**Work item**. The data must be given again exactly as written, with all images omitted.

**Data excerpt**.
★ ★ ★ ★
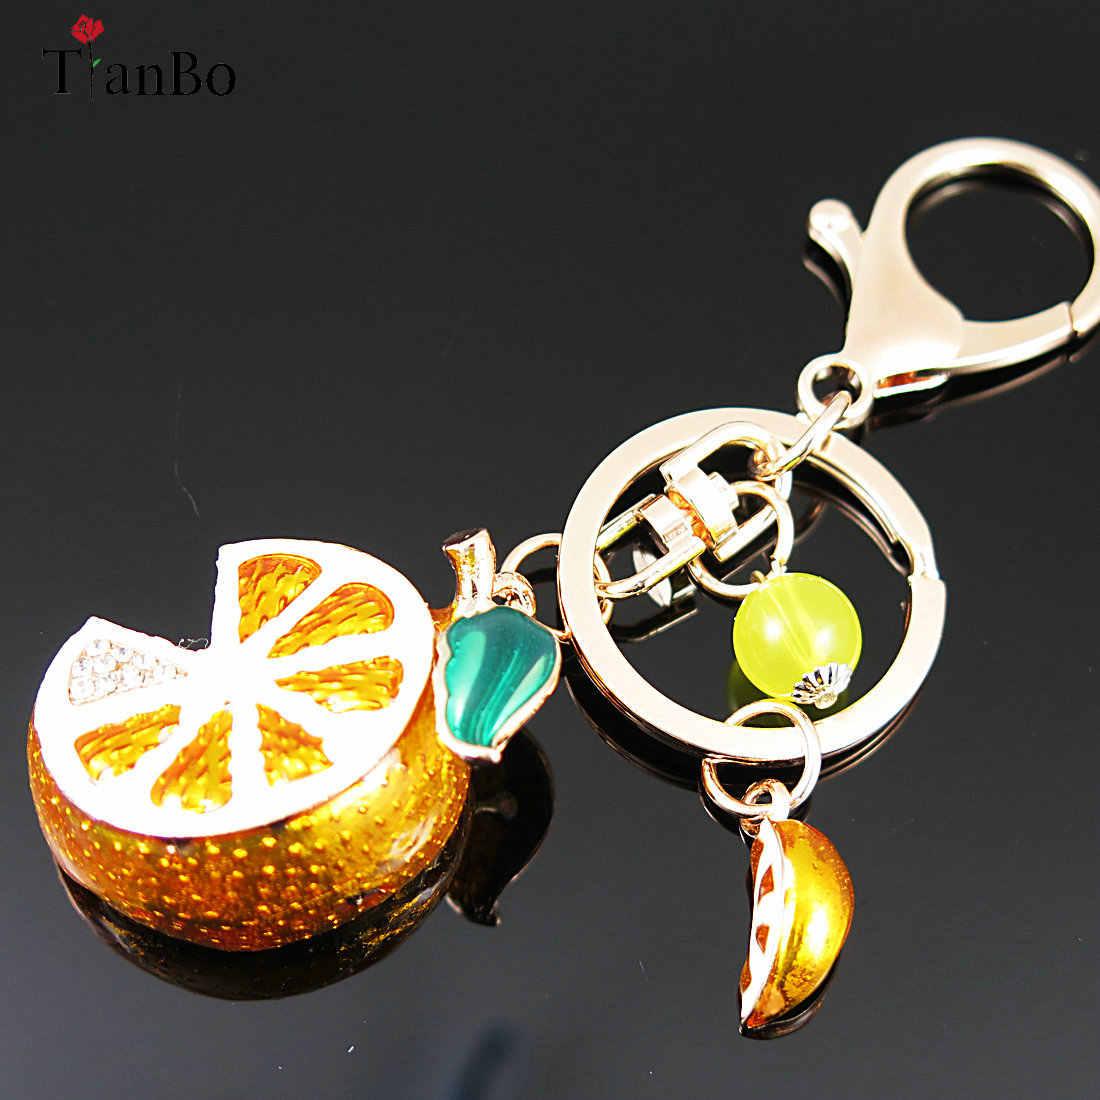 TianBo 3D Fruto Chaveiro Laranja & Limão Charme Pingente de Presente de Casamento de Cristal Rhinestone Keychain para Bolsa Do Saco Do Partido Do Carro Coleção
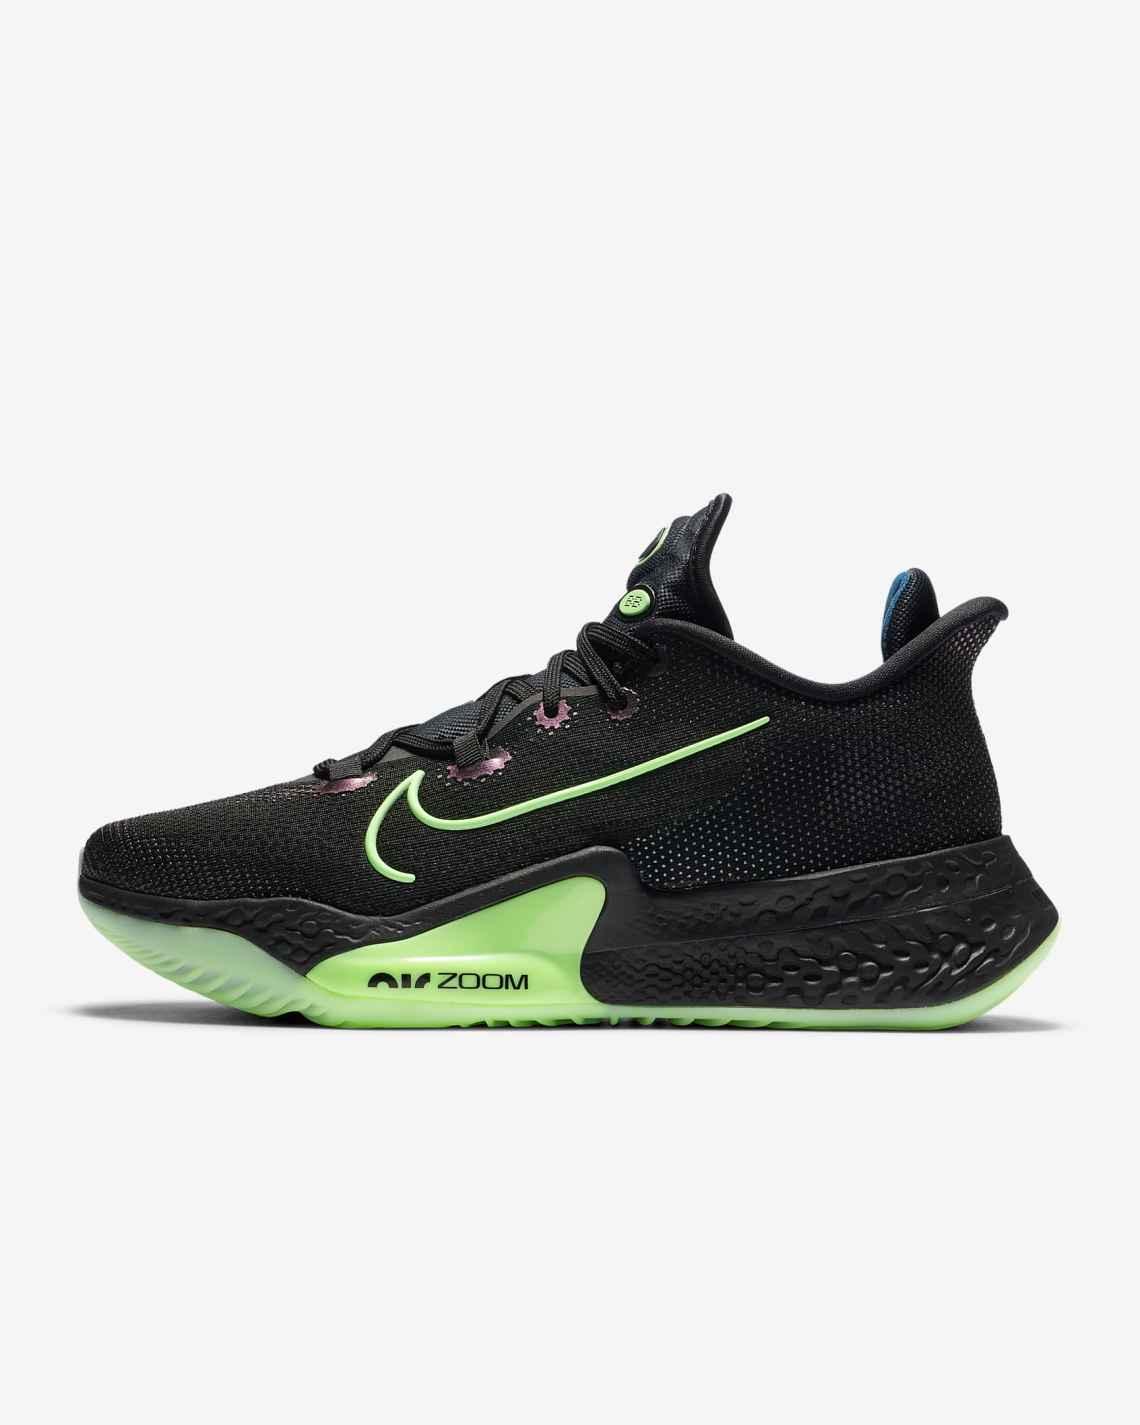 Nike Air Zoom BB NXT รองเท้าบาสเก็ตบอลที่เปิดตัวออกมาพร้อมกับ Nike Air Zoom Alphafly NEXT% วางจำหน่ายในประเทศไทยแล้ว ราคา 6,400 บาท
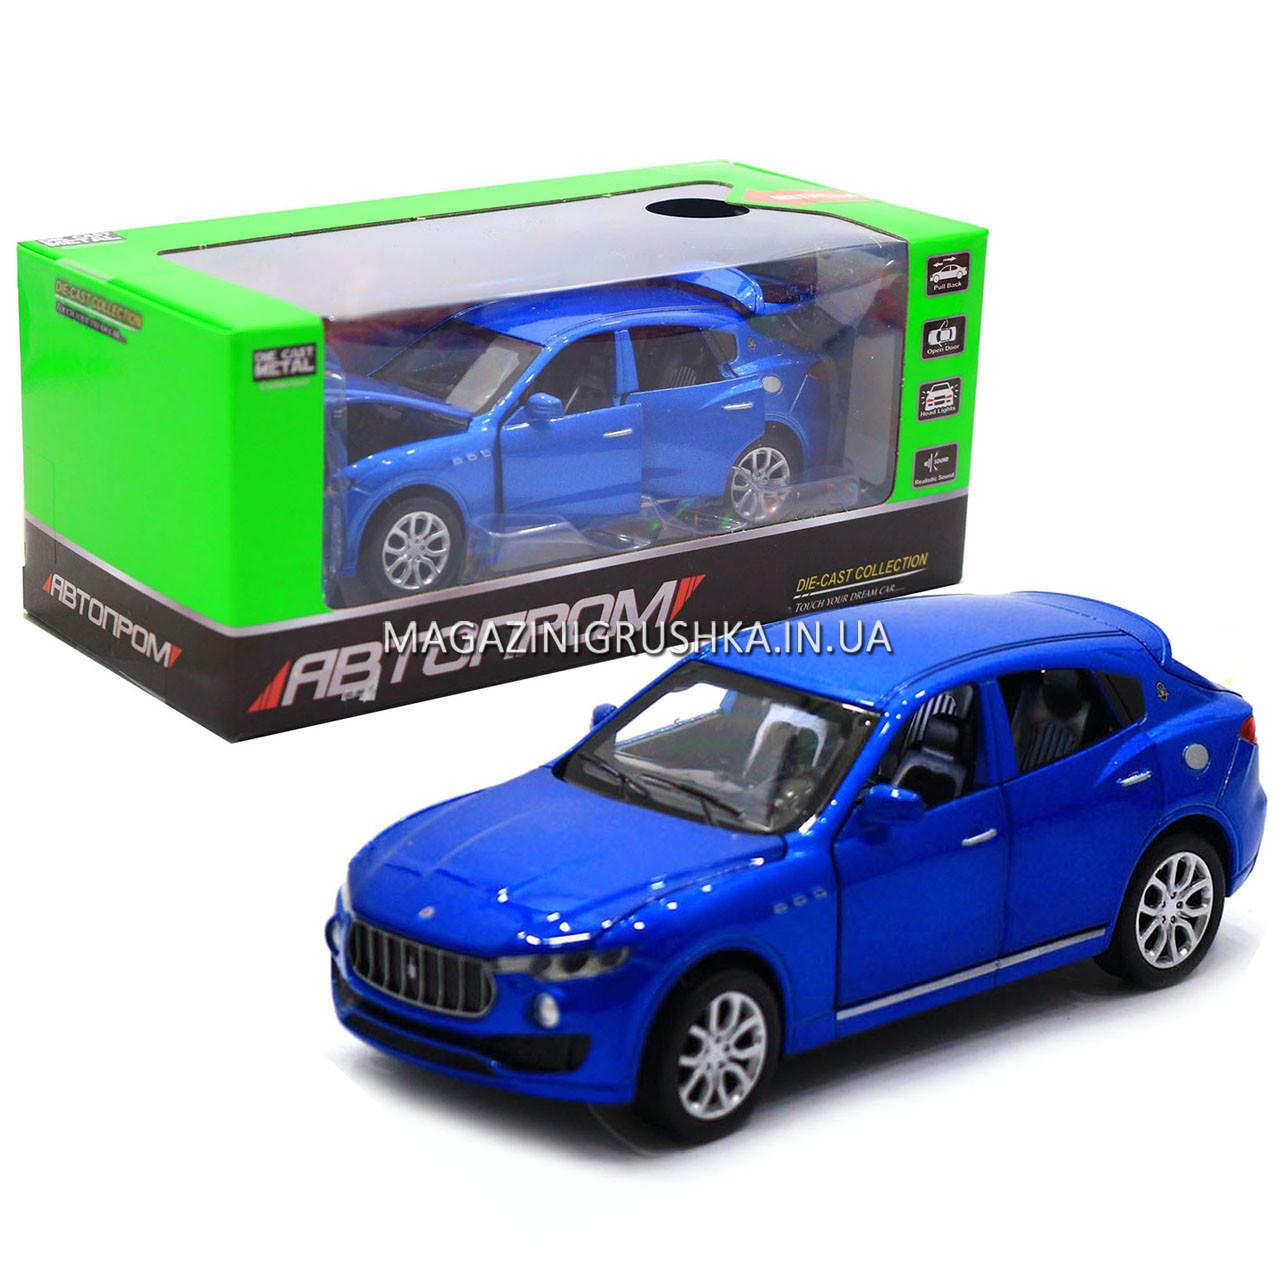 Машинка игровая автопром «Maserati levante», 14 см, свет, звук, двери открываются, синий (7641)
★ ★ ★ ★
**Response to the task**.
 TianBo 3D Fruto Chaveiro Laranja & Limão Charme Pingente de Presente de Casamento de Cristal Rhinestone Keychain para Bolsa Do Saco Do Partido Do Carro Coleção
 Nike Air Zoom BB NXT รองเท้าบาสเก็ตบอลที่เปิดตัวออกมาพร้อมกับ Nike Air Zoom Alphafly NEXT% วางจำหน่ายในประเทศไทยแล้ว ราคา 6,400 บาท
 Машинка игровая автопром «Maserati levante», 14 см, свет, звук, двери открываются, синий (7641)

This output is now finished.